The Caruthers Parade was the first of the year for the Eagle marching band and was attended by many of the Caruthers fair-goers. The Sept. 29 festival parade pitted the band against many Valley schools. FC was bested only by Hanford West, a high school five times its size. The Caruthers Parade was the first of the year for the marching band.

The band’s next competition is the Selma Band Review on Oct. 27. While the band is almost entirely composed of juniors and freshmen, there are only four seniors in the band this year. Shattuck has high hopes for success even without senior leadership.

“My goals are that we put forth our best effort,” Shattuck said. “Our player to sound ratio continues to improve, and we can finish in the top ten in every parade. Our fourth place finish in Santa Cruz was no surprise.”

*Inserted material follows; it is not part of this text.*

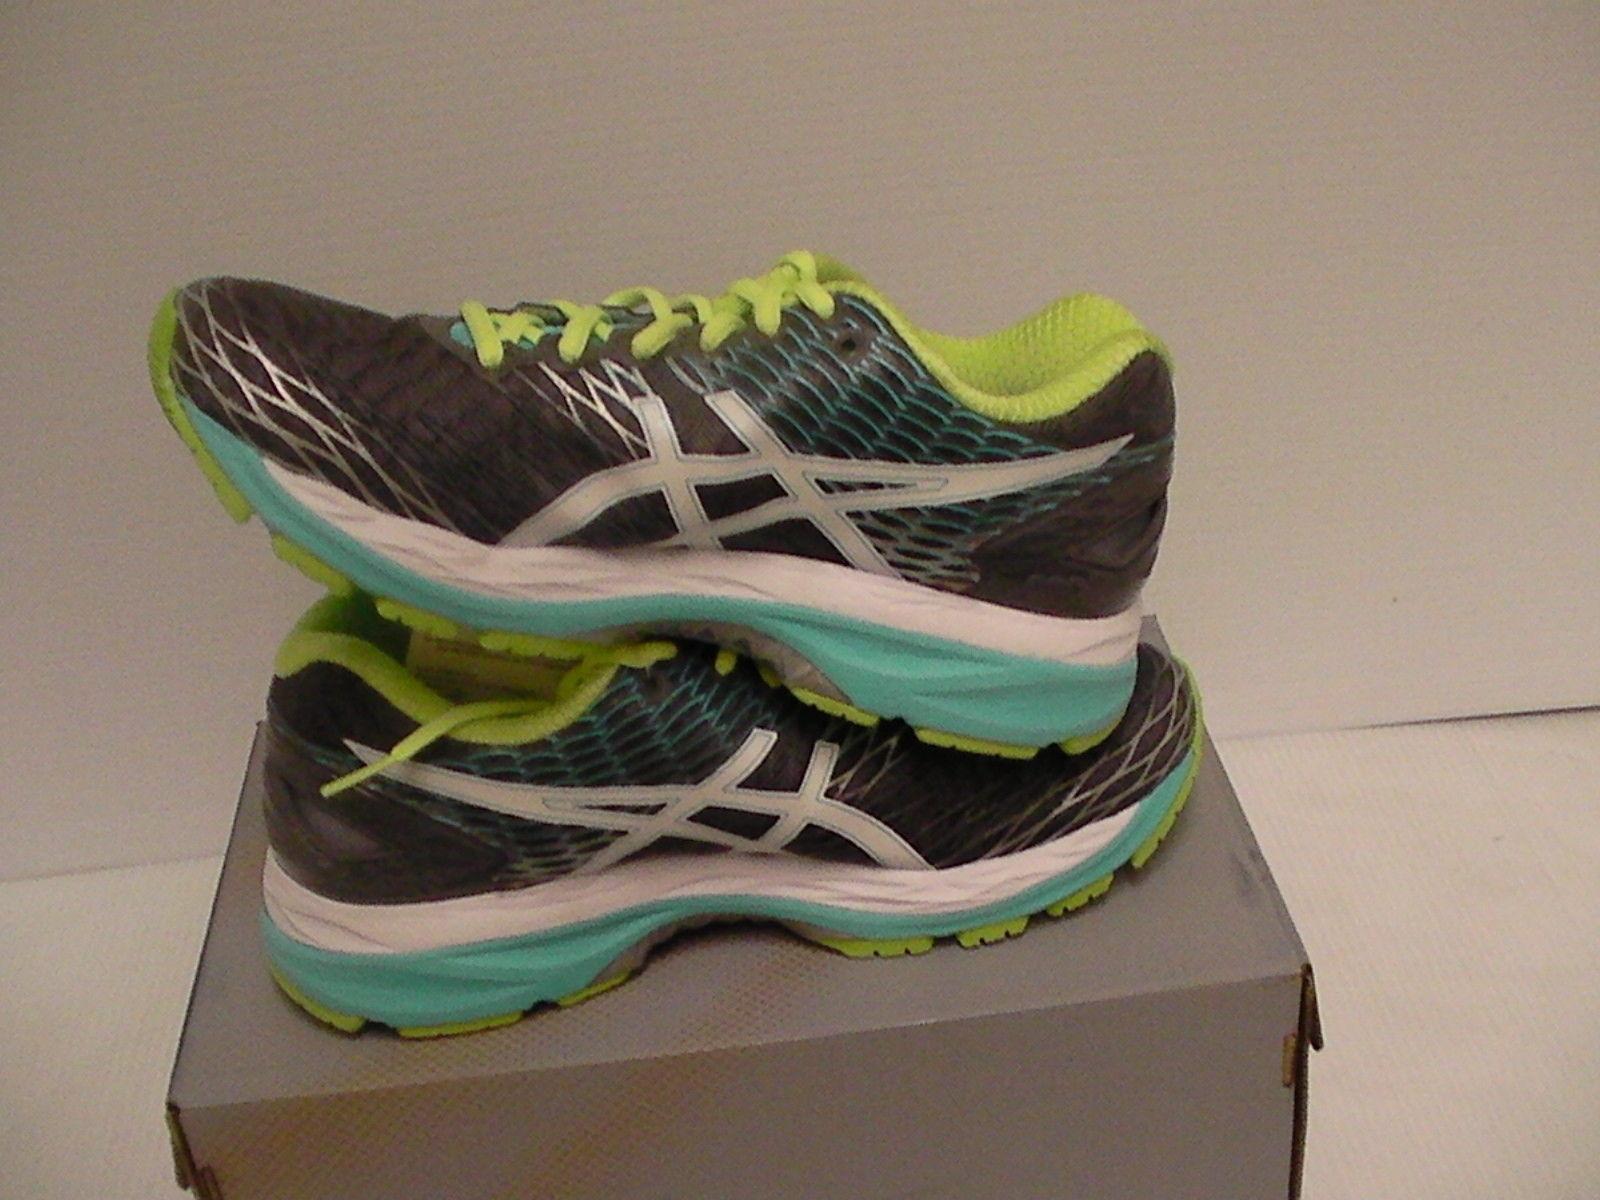 ff57713bc300 Asics women s shoes gel nimbus 18 titanium and 50 similar items. 57

The lead trumpet player this year, Shattuck has been playing trumpet since fifth grade when he joined the FCS maroon band.

Before concert season starts on Nov. 12 the band has two parades left: Selma and Pismo Beach on Nov. 10. However, the last parade of the year will not be until Nov. 29 at the Clovis Christmas Parade.

As the drum major, Pohl, is responsible for keeping the tempo with the mace- a colored fiberglass rod he carries. He also has to salute the judges, toss and catch the mace and introduce the band with an opening act.

“Concert season is by far the best,” Pohl said, “because it has less to do with the way you look and more with the way you sound. Plus, then I don’t have 6,000 people watching just me in the beginning.”

As part of their concert season, the band takes a trip every spring down to L.A. to compete in the Biola Mass Band Festival and Concert. The Festival takes place during the day and then all the bands come together at night to perform in one concert.

“It’s really loud and noisy,” Pohl said, “and sometimes the music needs work but everybody seems to enjoy it.”